_Given information_:

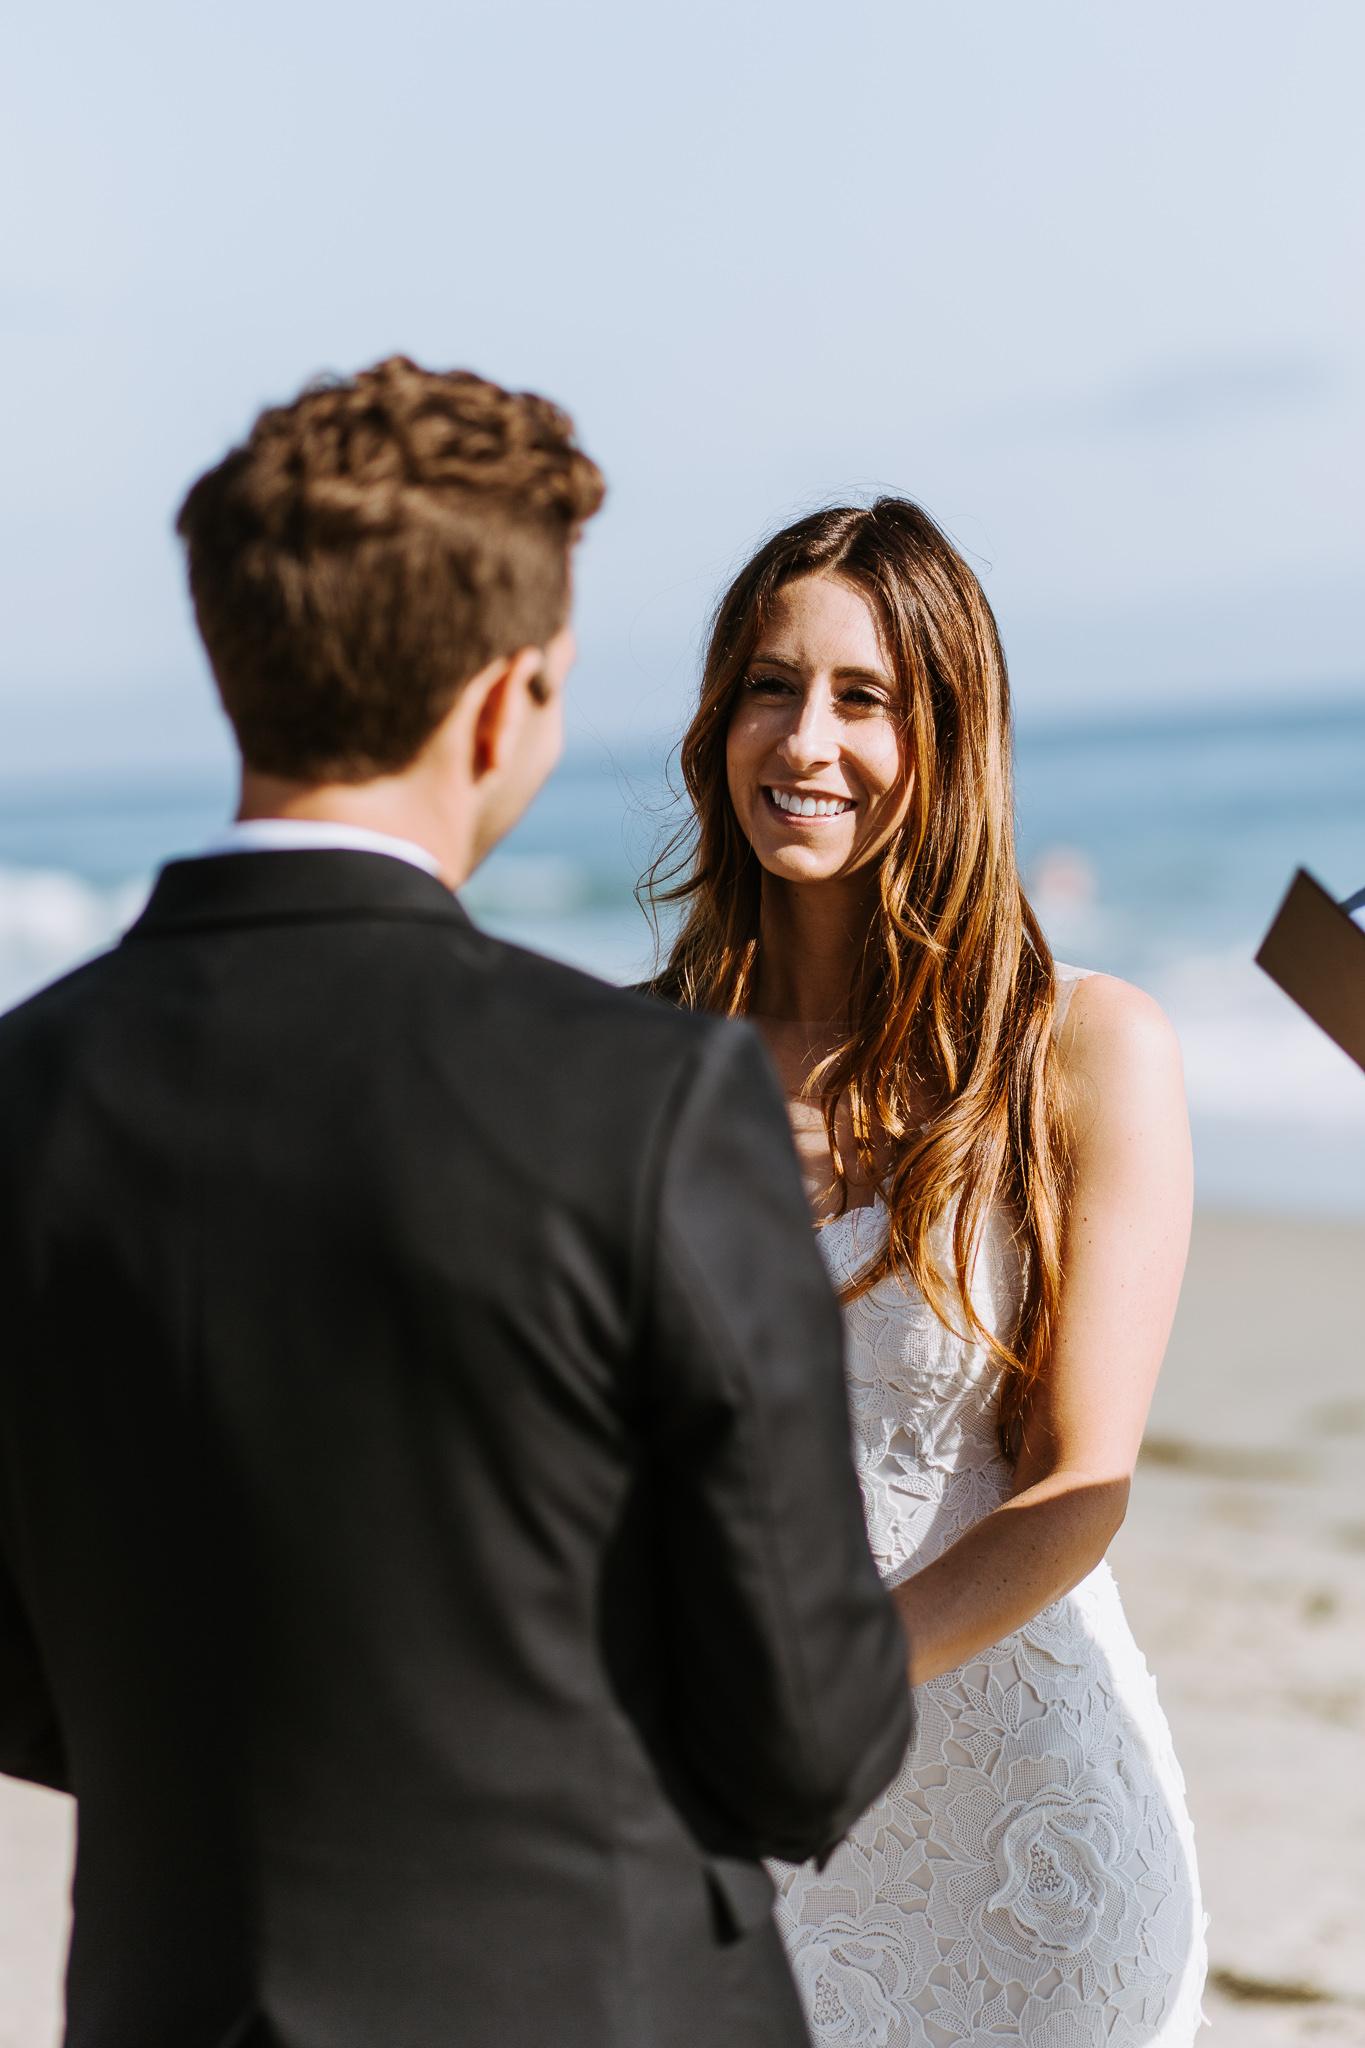 LagunaBeach-WeddingPhotographer-35.jpg
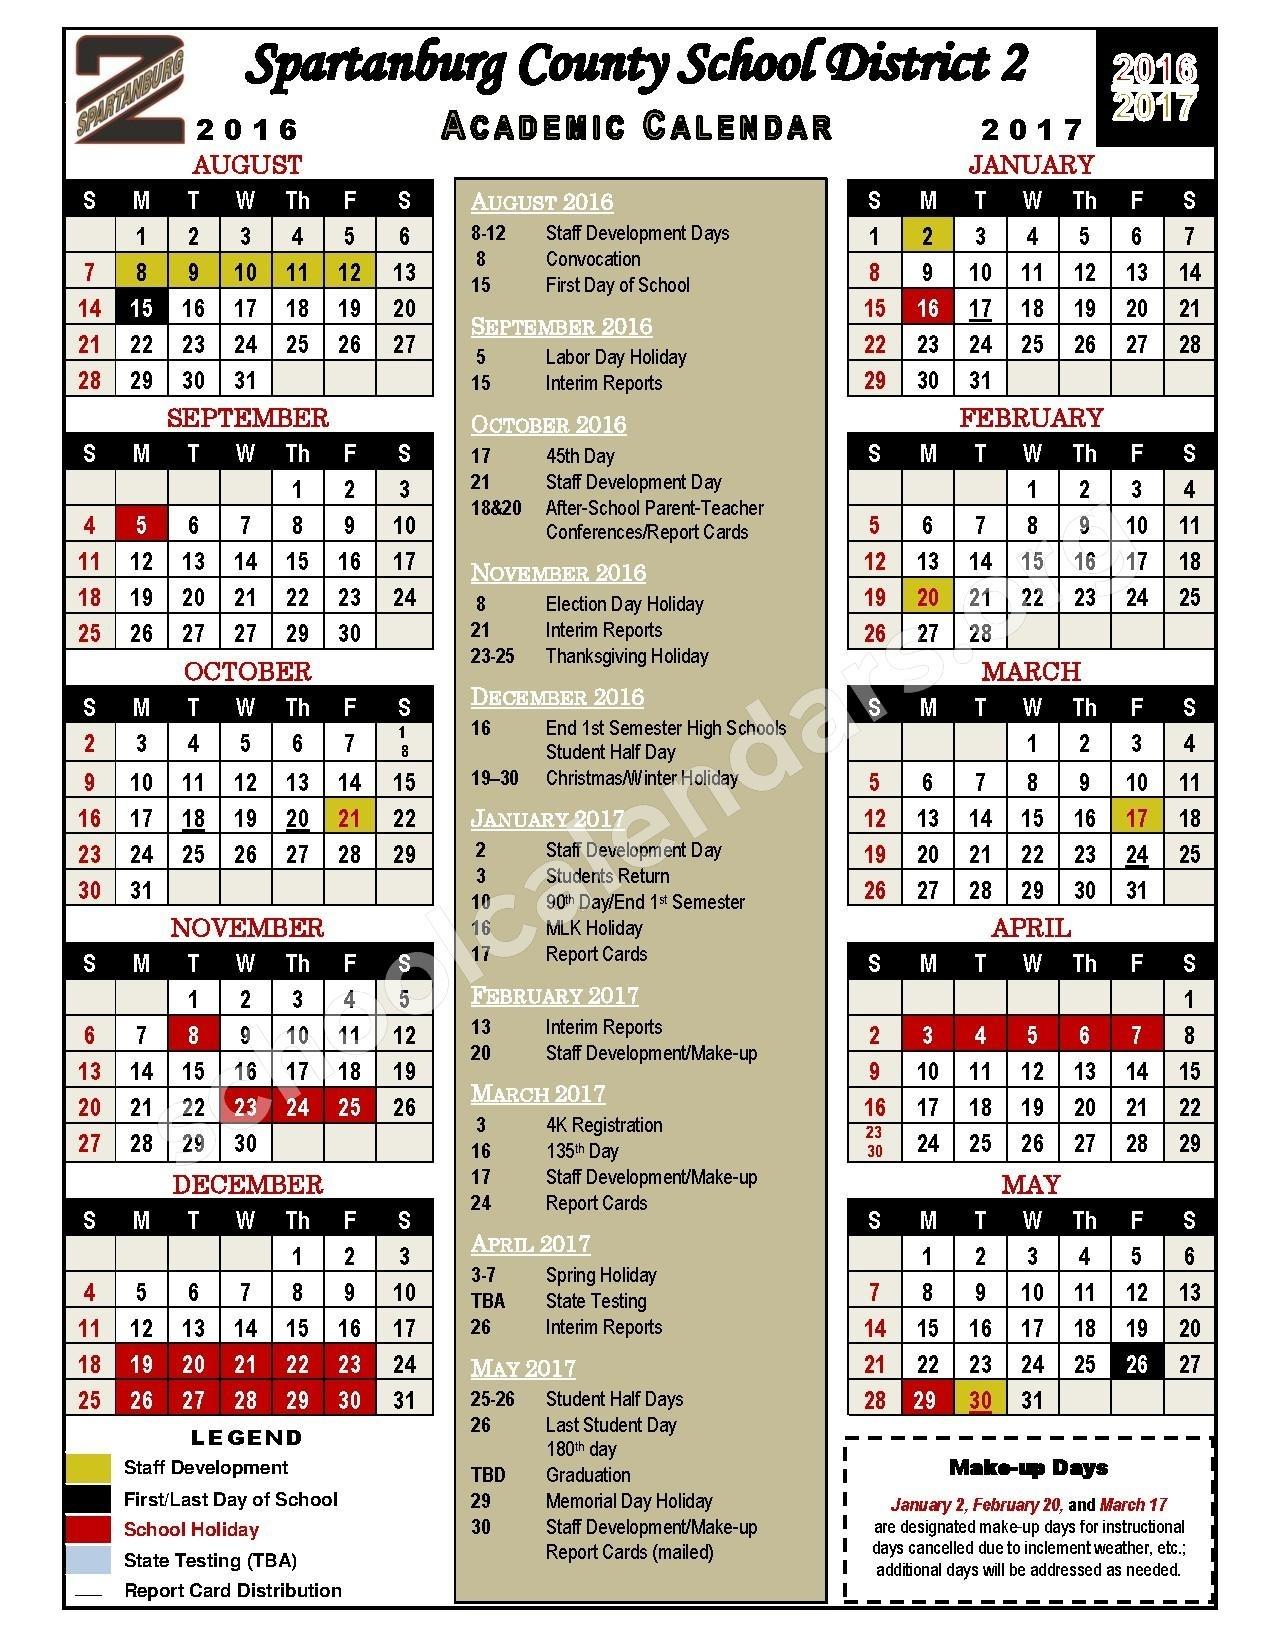 2016 - 2017 Academic Calendar | Spartanburg School District 2 Incredible School Calendar District 2
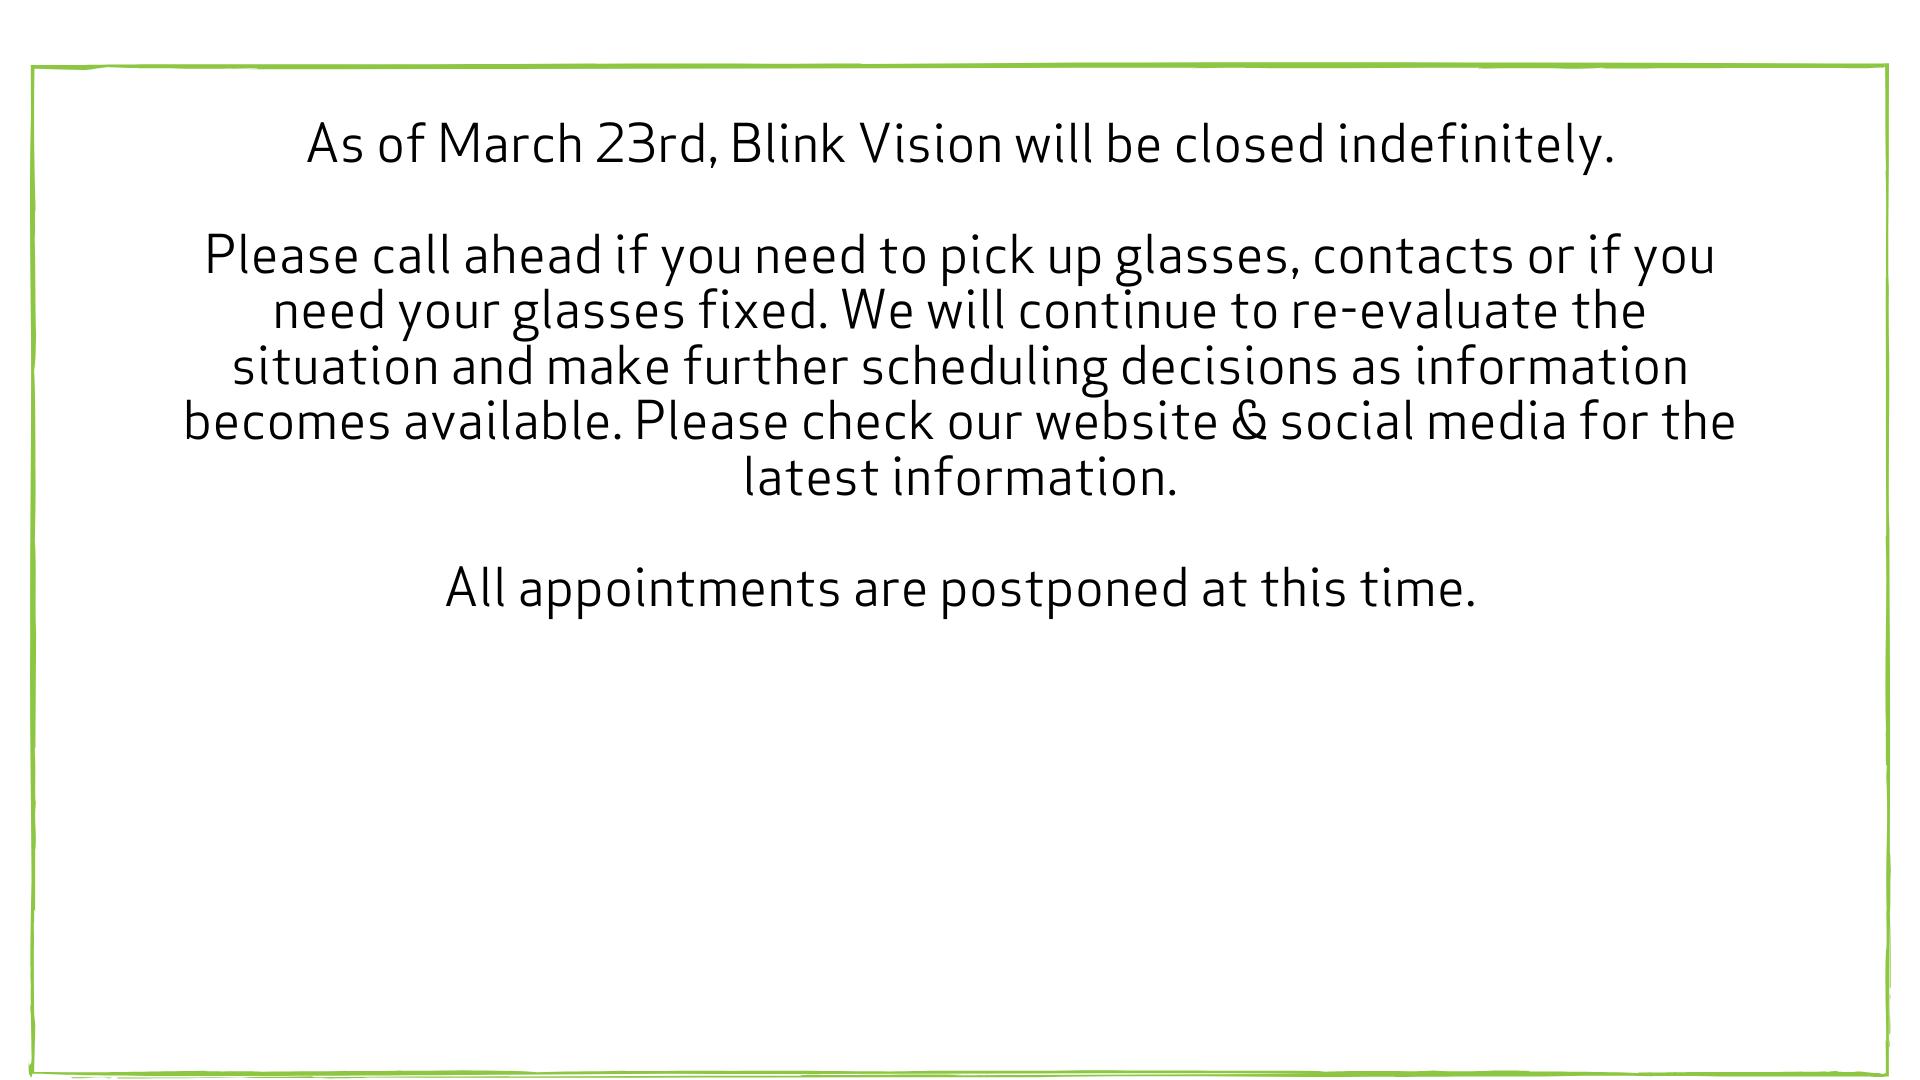 Blink_COVIDCLOSURE_WebsiteUpdatedMarch23

_What you should do_:
Which lines run from the one containing "2016 - 2017" to the end of the data above? Set down those lines exactly, and only those, without any pictures.

_Exercise output_:
 2016 - 2017 Academic Calendar | Spartanburg School District 2 Incredible School Calendar District 2
 Blink_COVIDCLOSURE_WebsiteUpdatedMarch23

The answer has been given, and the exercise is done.